═══ DATA SECTION ═══

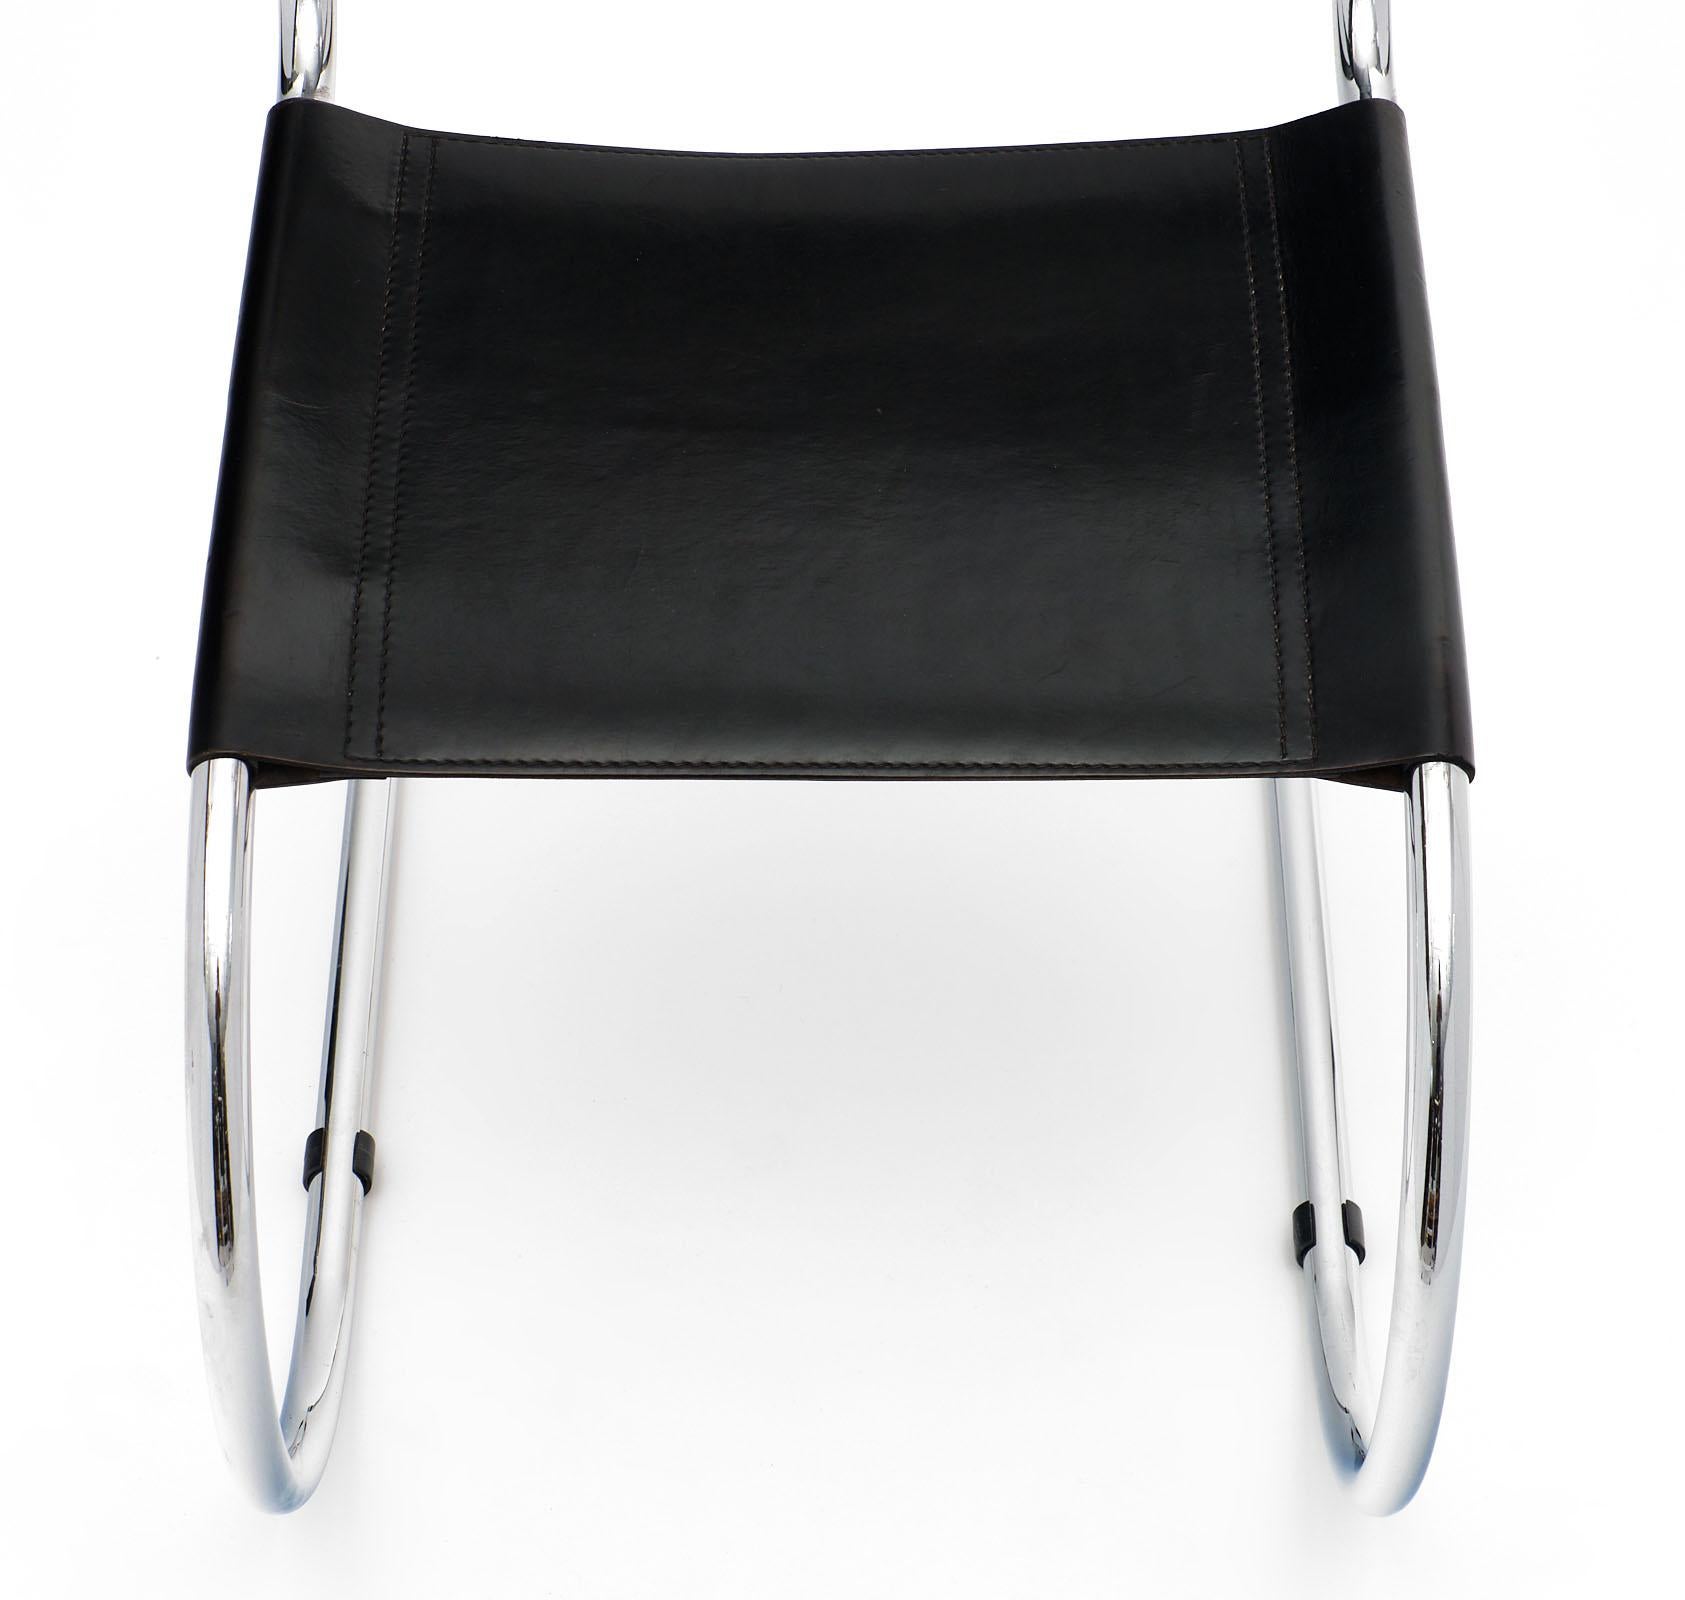 German Mies van der Rohe Vintage Cantilever Chairs
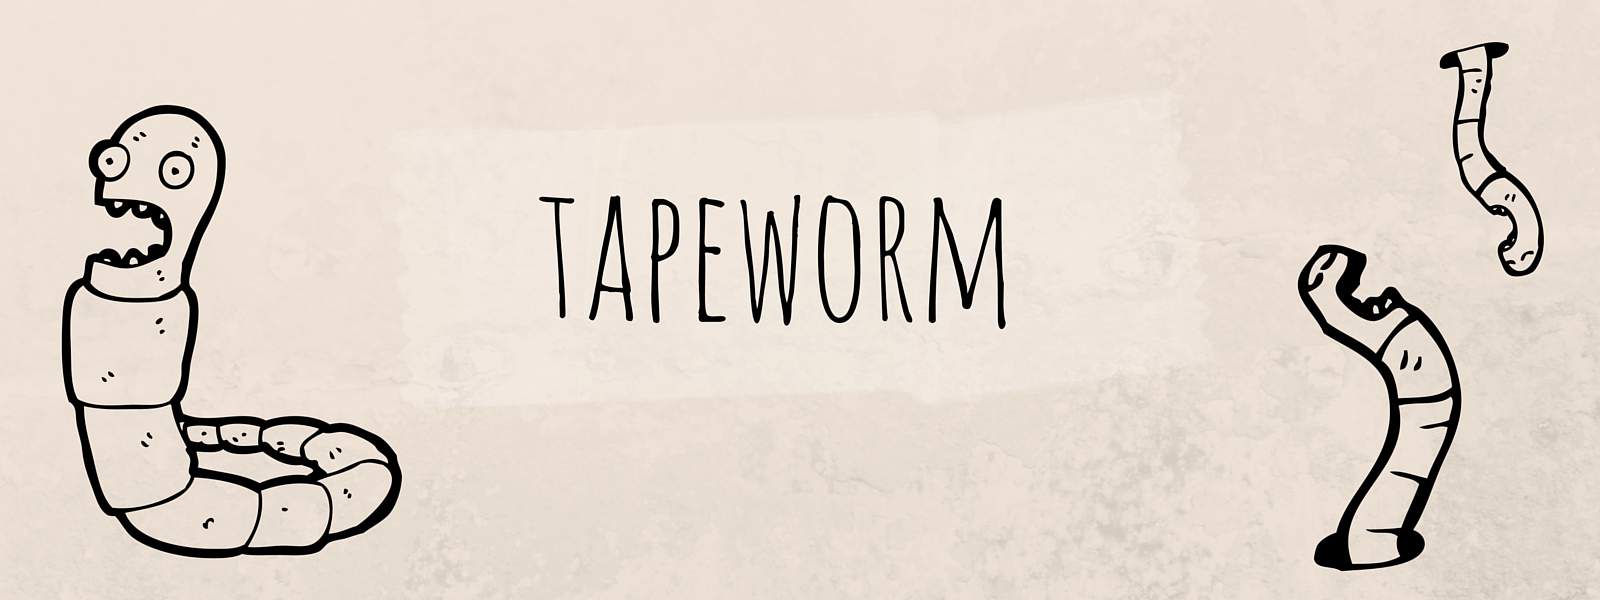 Tape Worm - scariest animal
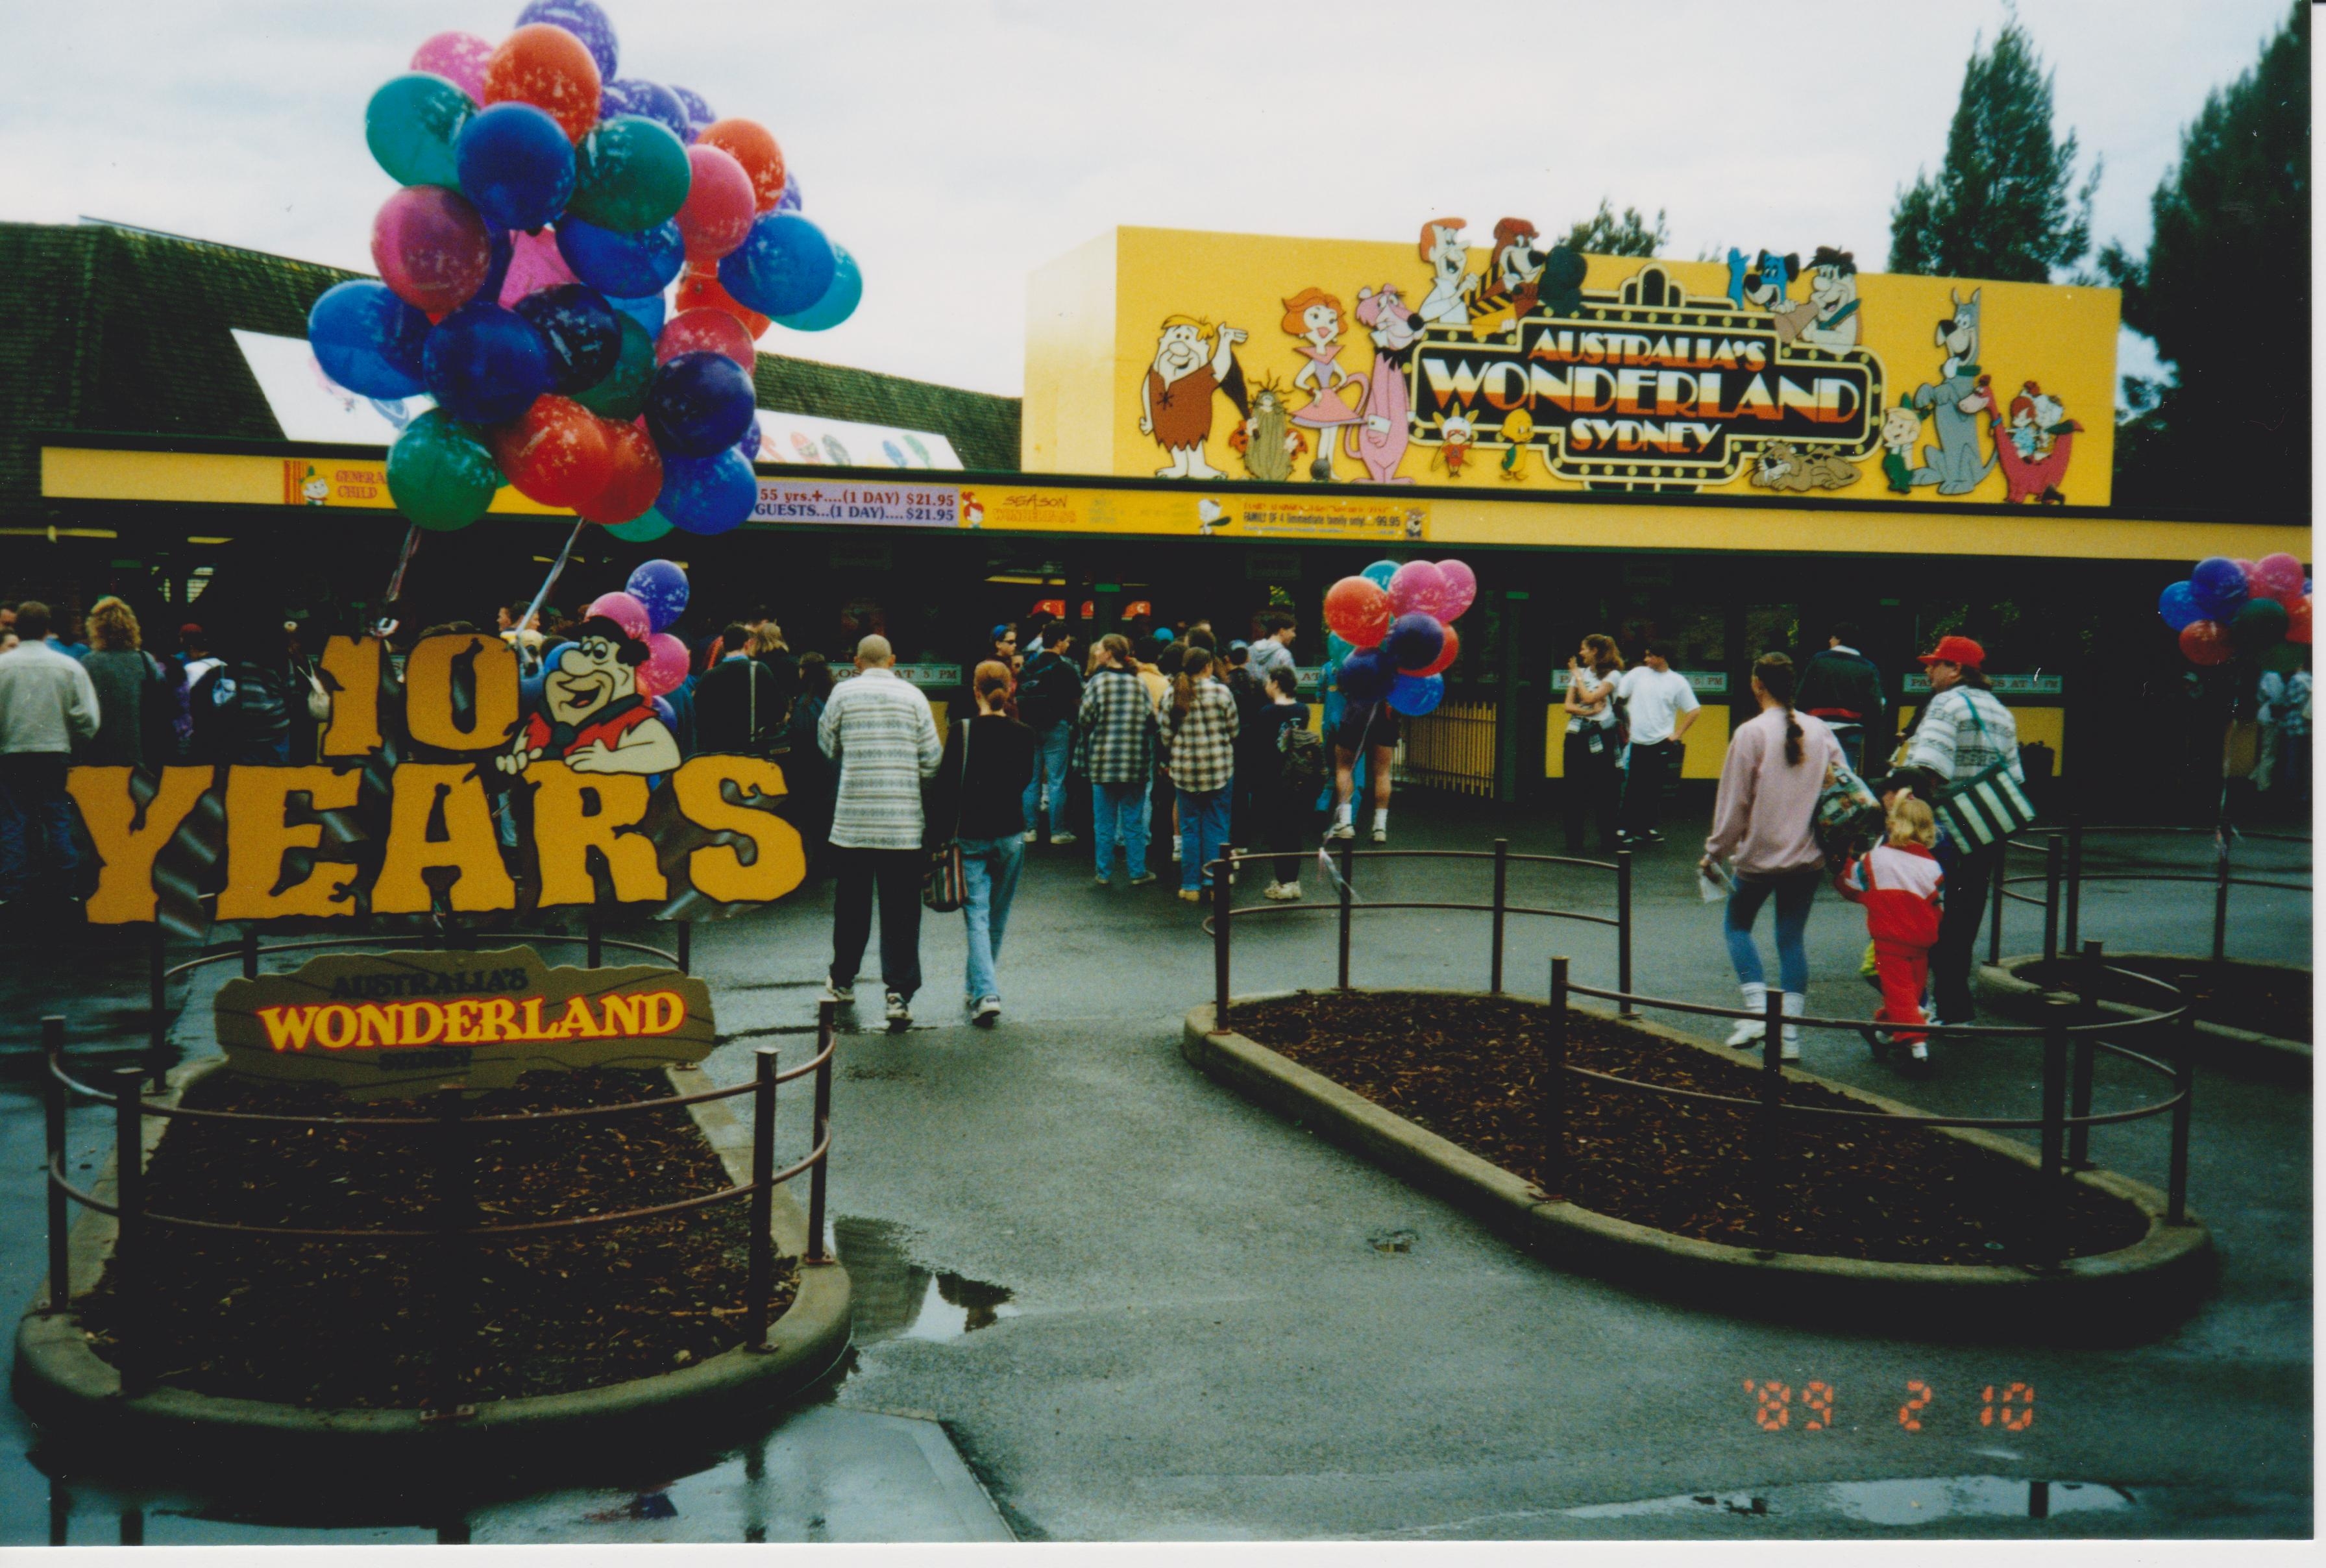 Australia's Theme Park Wonderland

═══

WORK TASK. Print the data word for word and omit the pictures.

RESULT.
 German Mies van der Rohe Vintage Cantilever Chairs
 Tape Worm - scariest animal
 Australia's Theme Park Wonderland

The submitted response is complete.